• [GOAL OF THE EXERCISE] Pull from the data below each line where the word "Images" occurs, and copy it.
── DATA SHOWN
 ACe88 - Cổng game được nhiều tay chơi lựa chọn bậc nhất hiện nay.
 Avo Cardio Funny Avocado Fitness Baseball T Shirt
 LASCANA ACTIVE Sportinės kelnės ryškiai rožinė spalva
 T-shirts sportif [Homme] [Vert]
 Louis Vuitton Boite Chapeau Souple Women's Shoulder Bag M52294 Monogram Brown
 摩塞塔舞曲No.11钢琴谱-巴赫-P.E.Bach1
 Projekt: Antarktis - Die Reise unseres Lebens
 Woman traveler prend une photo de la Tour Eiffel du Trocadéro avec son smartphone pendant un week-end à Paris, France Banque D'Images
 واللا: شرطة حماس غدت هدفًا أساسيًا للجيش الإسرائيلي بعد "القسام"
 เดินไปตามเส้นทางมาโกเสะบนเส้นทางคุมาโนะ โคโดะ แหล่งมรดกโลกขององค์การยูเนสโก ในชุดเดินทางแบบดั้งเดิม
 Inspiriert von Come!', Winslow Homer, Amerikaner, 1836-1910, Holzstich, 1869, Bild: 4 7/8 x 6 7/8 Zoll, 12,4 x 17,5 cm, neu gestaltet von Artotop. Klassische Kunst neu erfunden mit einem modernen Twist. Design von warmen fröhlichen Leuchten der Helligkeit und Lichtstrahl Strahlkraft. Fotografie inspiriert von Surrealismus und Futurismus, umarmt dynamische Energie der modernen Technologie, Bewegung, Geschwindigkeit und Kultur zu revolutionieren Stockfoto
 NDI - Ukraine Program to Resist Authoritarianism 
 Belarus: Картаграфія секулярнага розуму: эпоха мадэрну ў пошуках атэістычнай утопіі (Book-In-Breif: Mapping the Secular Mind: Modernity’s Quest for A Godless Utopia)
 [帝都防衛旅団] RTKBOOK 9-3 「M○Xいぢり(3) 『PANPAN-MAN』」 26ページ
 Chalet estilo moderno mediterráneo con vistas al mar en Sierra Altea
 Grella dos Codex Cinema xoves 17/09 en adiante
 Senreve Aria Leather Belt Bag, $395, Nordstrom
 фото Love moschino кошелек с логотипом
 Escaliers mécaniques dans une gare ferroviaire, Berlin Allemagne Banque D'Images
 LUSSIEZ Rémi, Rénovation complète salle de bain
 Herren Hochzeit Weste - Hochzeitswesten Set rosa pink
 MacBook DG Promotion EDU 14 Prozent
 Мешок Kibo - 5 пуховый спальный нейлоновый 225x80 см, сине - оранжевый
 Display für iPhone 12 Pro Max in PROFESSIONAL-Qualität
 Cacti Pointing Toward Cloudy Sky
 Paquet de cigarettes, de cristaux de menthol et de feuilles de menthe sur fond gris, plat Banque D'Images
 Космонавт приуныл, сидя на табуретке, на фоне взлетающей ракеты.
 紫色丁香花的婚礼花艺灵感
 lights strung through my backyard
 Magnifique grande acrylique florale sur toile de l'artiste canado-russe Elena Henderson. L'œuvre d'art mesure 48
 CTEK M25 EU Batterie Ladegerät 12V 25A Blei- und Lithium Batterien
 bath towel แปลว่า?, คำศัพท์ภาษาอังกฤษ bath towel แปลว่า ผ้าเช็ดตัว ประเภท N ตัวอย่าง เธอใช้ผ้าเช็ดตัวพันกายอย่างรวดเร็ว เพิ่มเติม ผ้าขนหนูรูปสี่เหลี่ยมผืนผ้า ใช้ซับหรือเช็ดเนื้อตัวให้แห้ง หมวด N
────
• [YOUR RESPONSE]
 Woman traveler prend une photo de la Tour Eiffel du Trocadéro avec son smartphone pendant un week-end à Paris, France Banque D'Images
 Escaliers mécaniques dans une gare ferroviaire, Berlin Allemagne Banque D'Images
 Paquet de cigarettes, de cristaux de menthol et de feuilles de menthe sur fond gris, plat Banque D'Images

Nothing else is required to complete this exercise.